* AVAILABLE DATA:

——

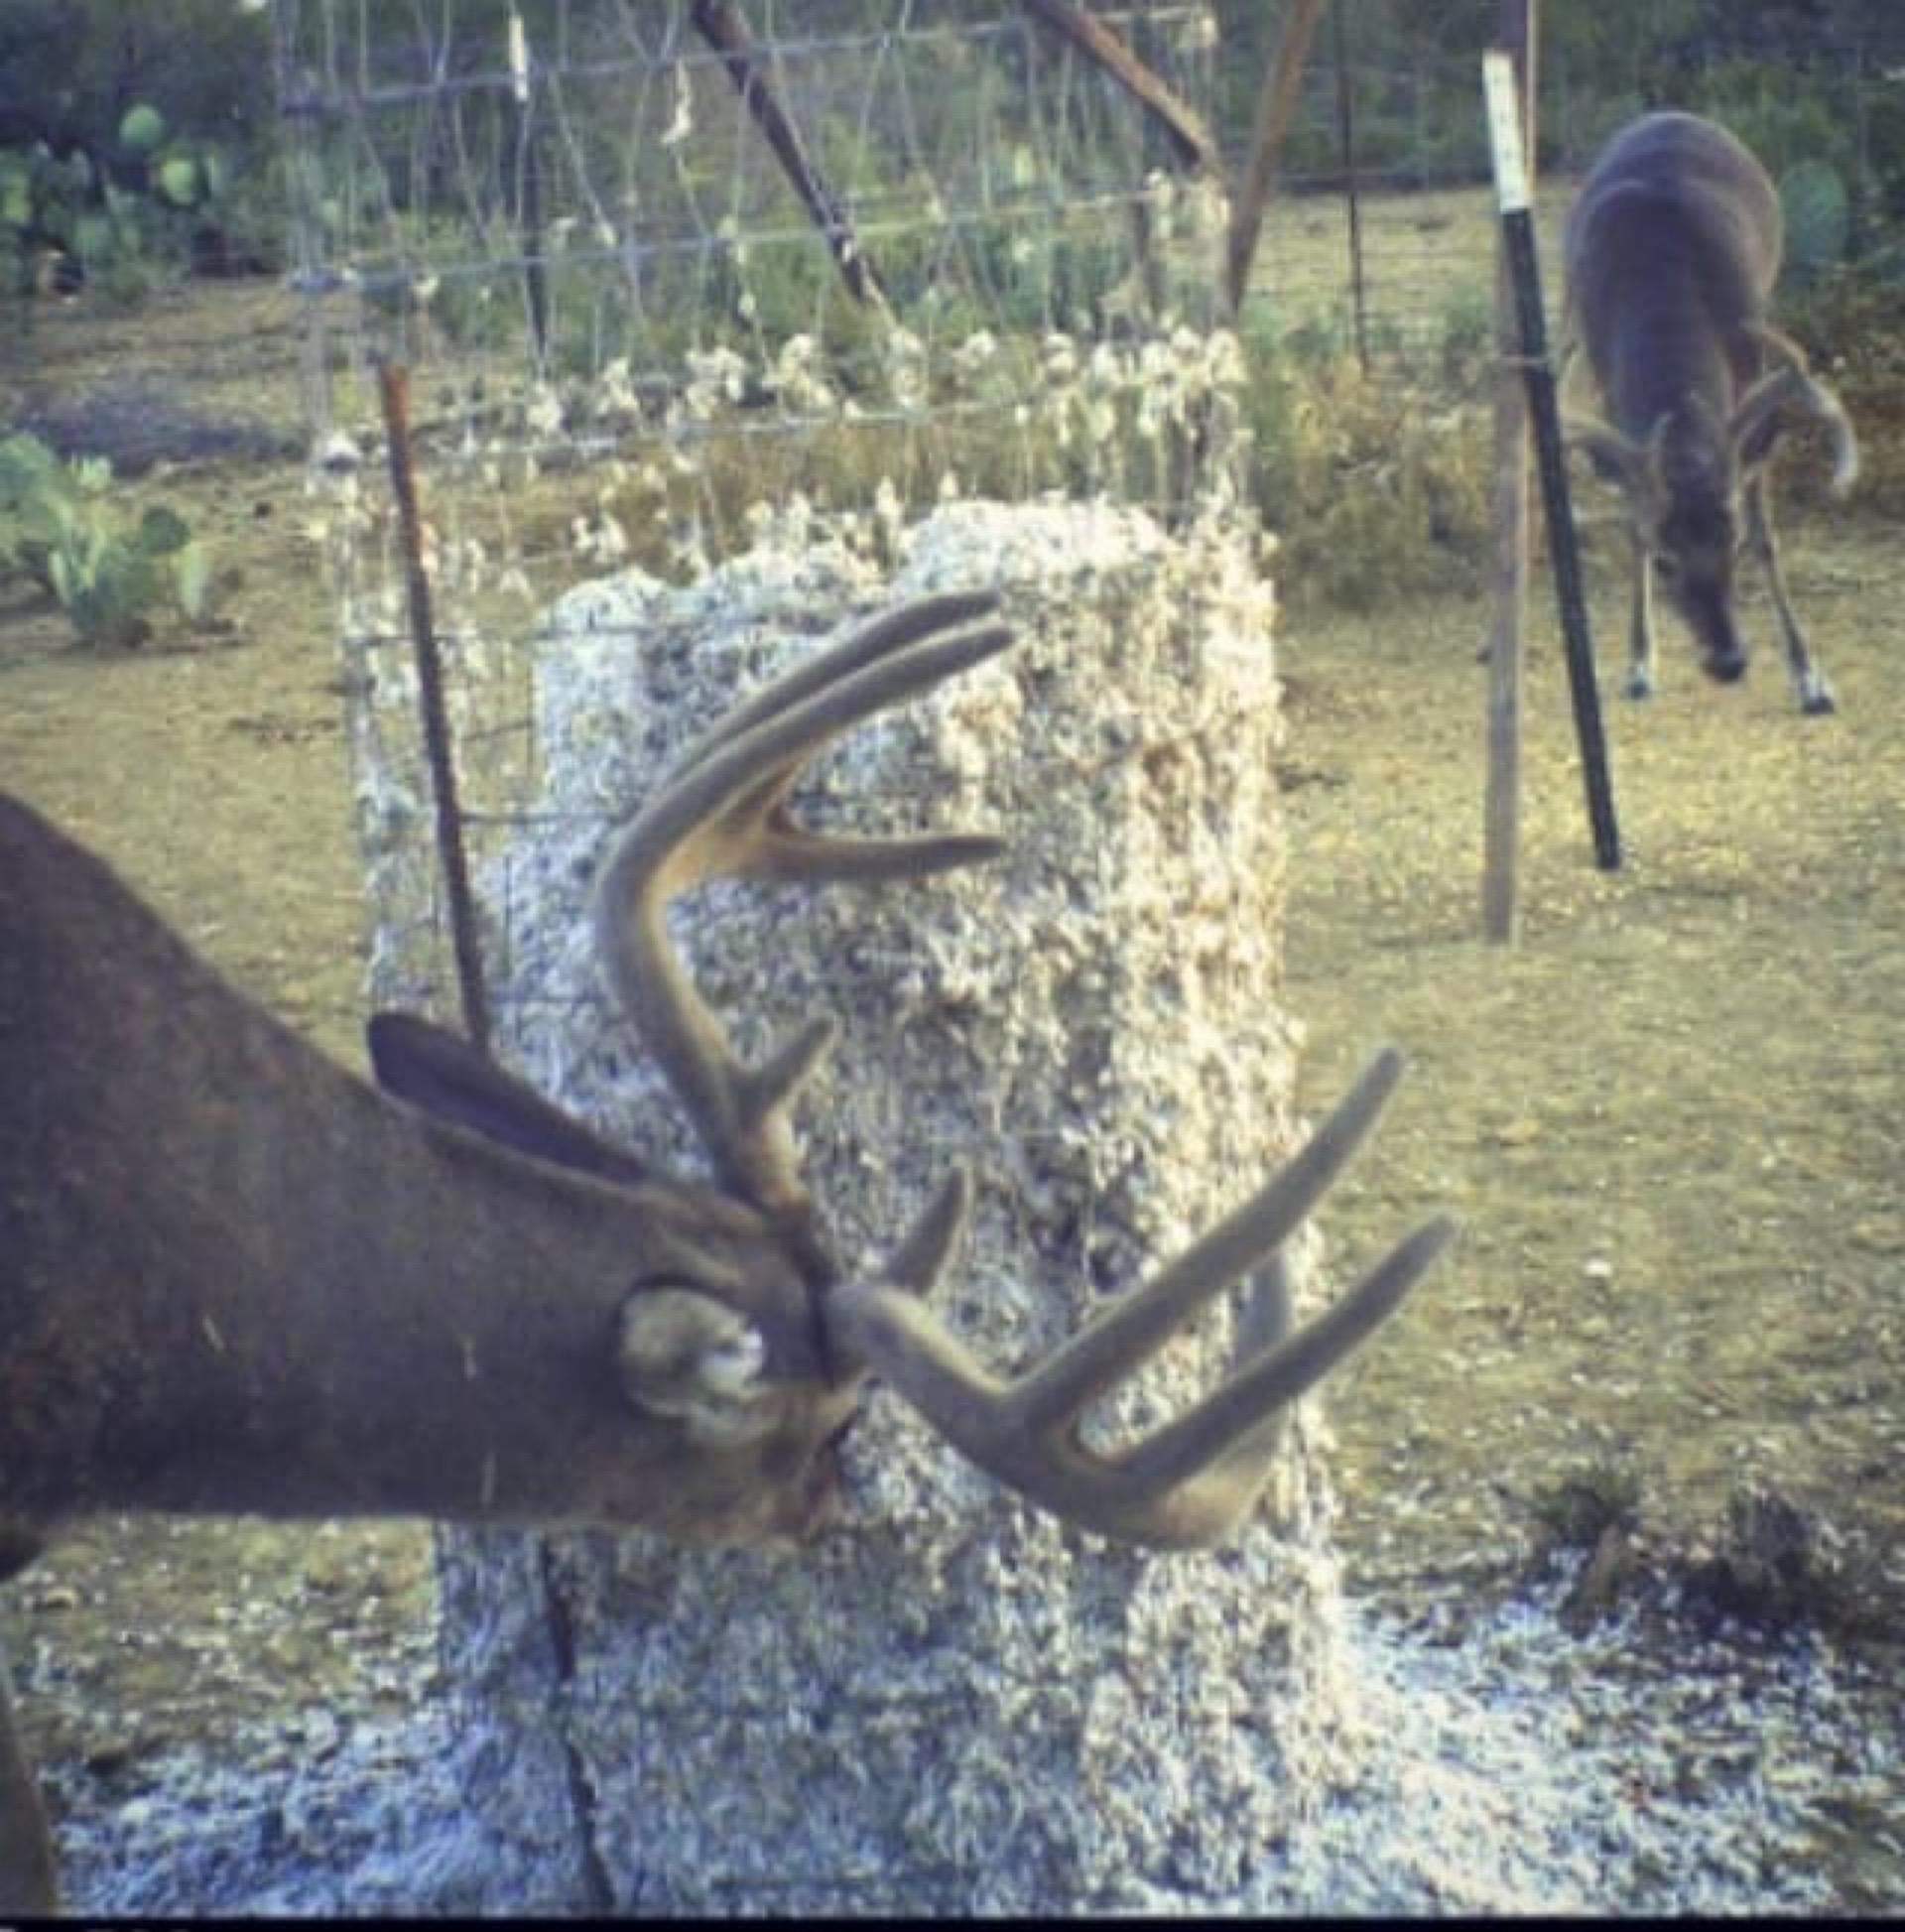 Deer eating Fortified Cottonseed
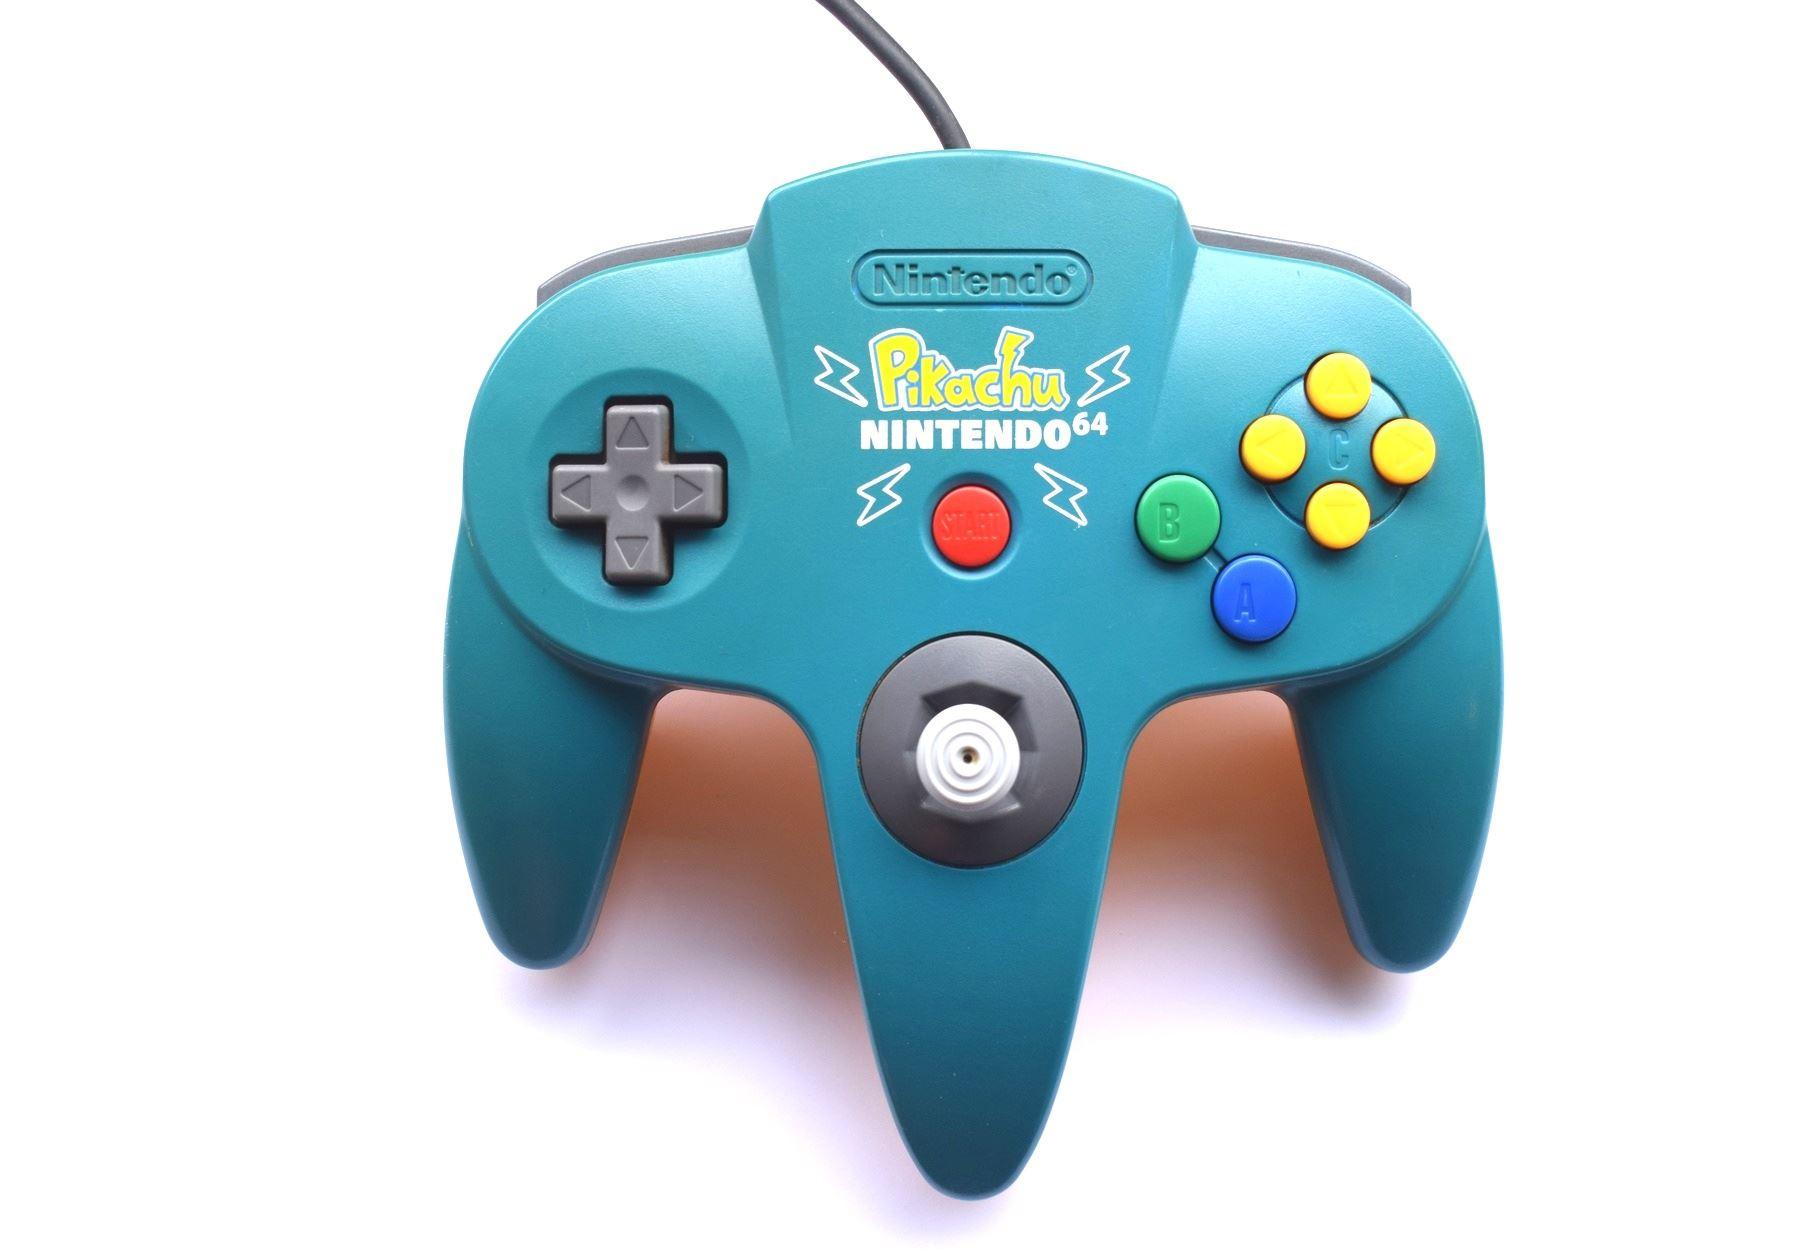 Official-Original-Nintendo-64-N64-Genuine-Controller-Game-Pads thumbnail 11
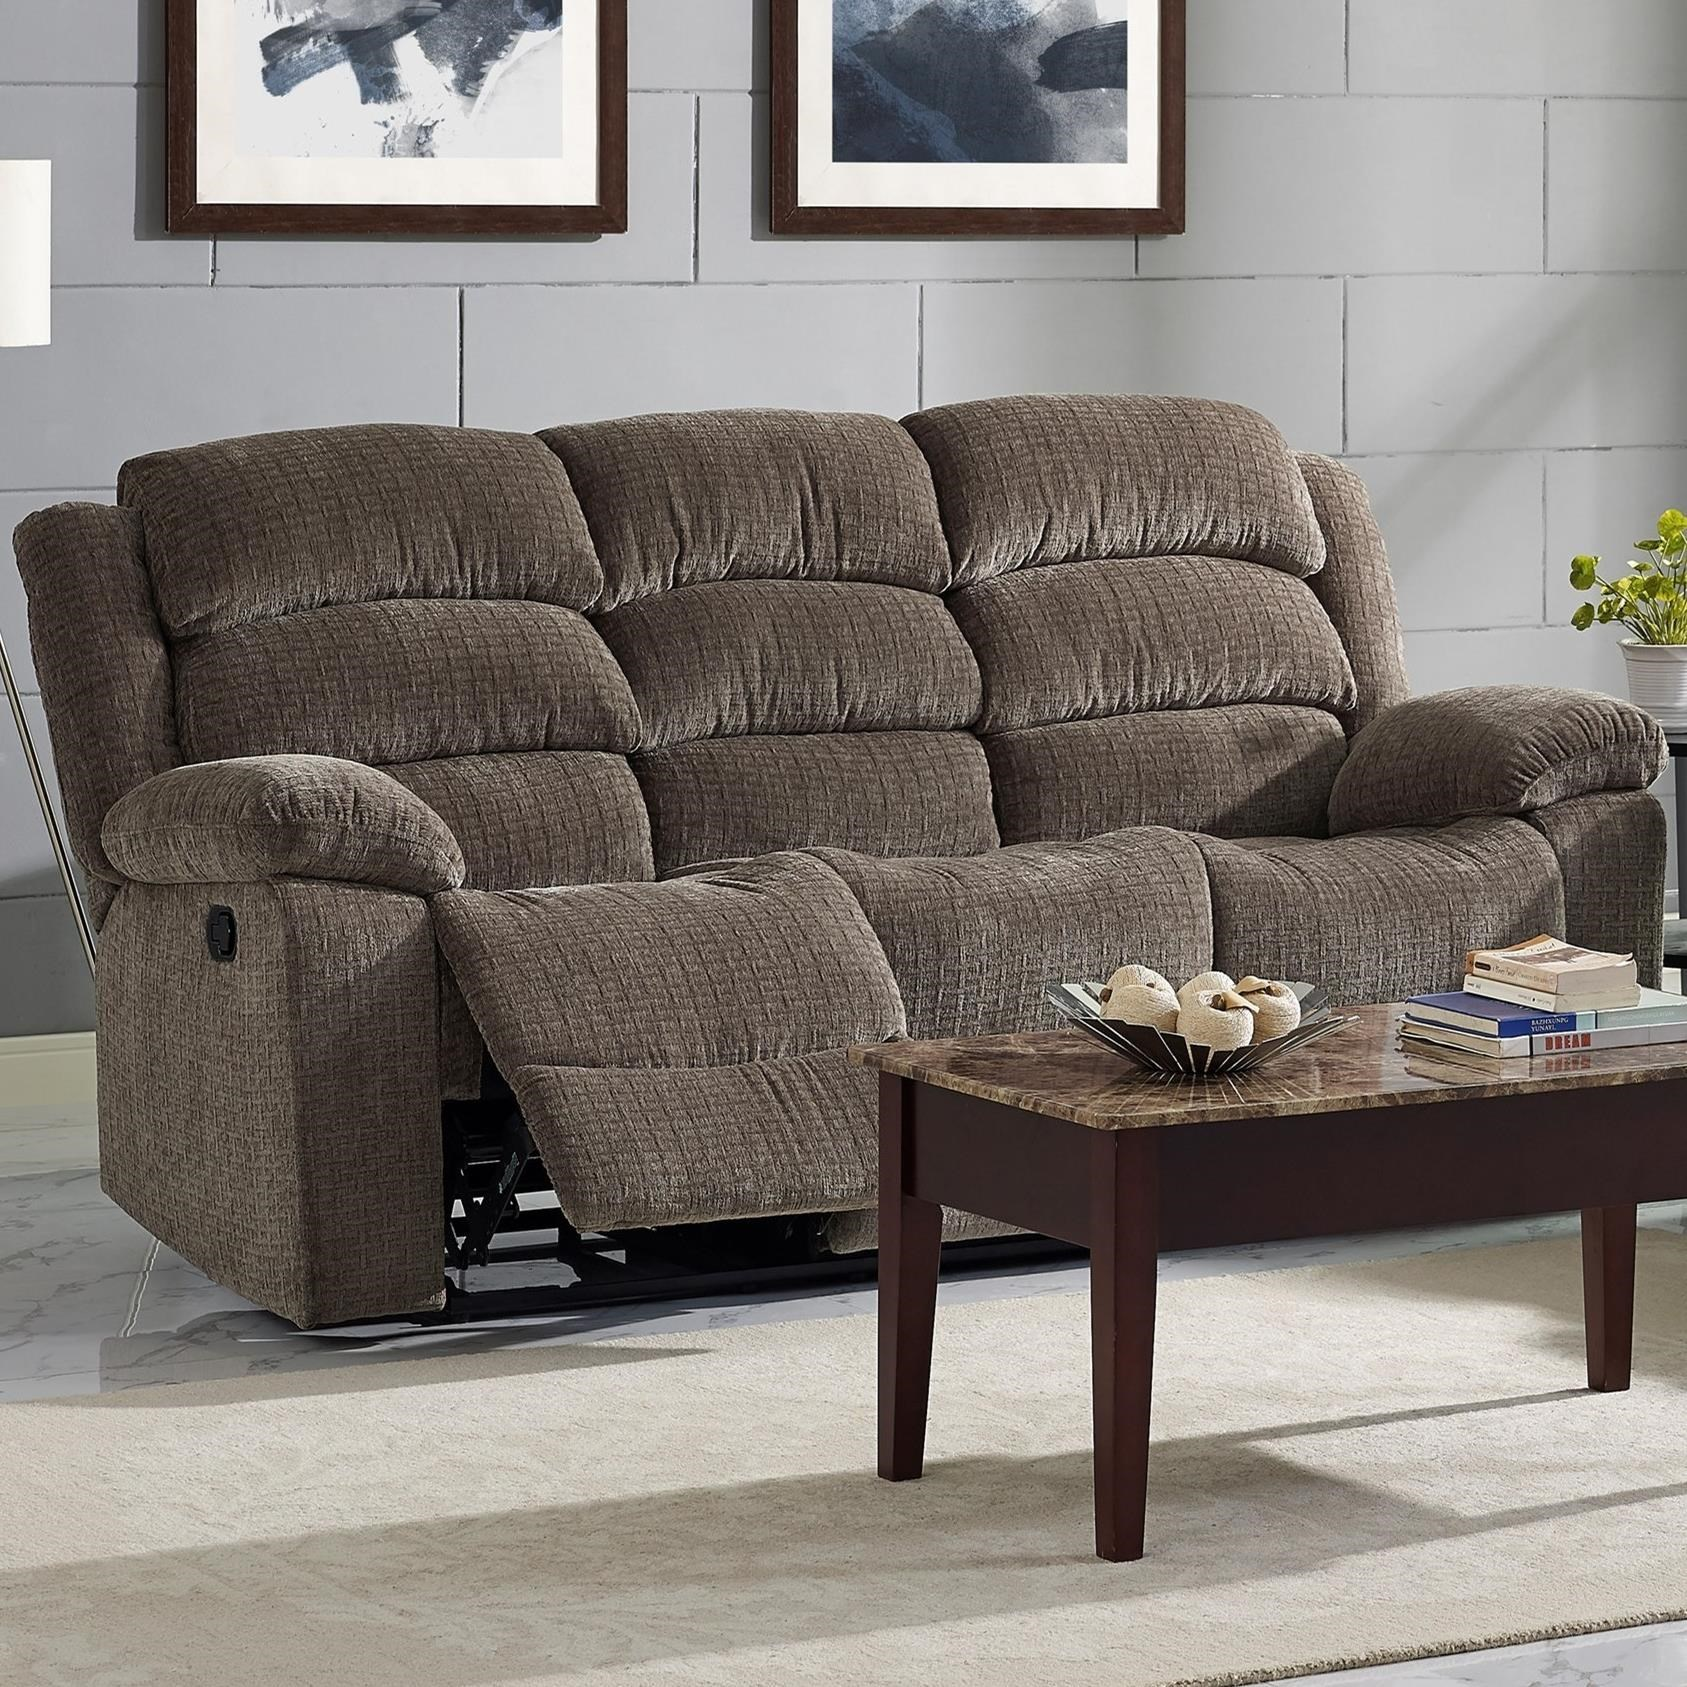 Merveilleux New Classic AustinReclining Sofa

——

* REQUIREMENT:
Exclude every picture and copy the remaining data exactly.

* ANSWER TO THE PROBLEM:
 Deer eating Fortified Cottonseed
 Official-Original-Nintendo-64-N64-Genuine-Controller-Game-Pads thumbnail 11
 Merveilleux New Classic AustinReclining Sofa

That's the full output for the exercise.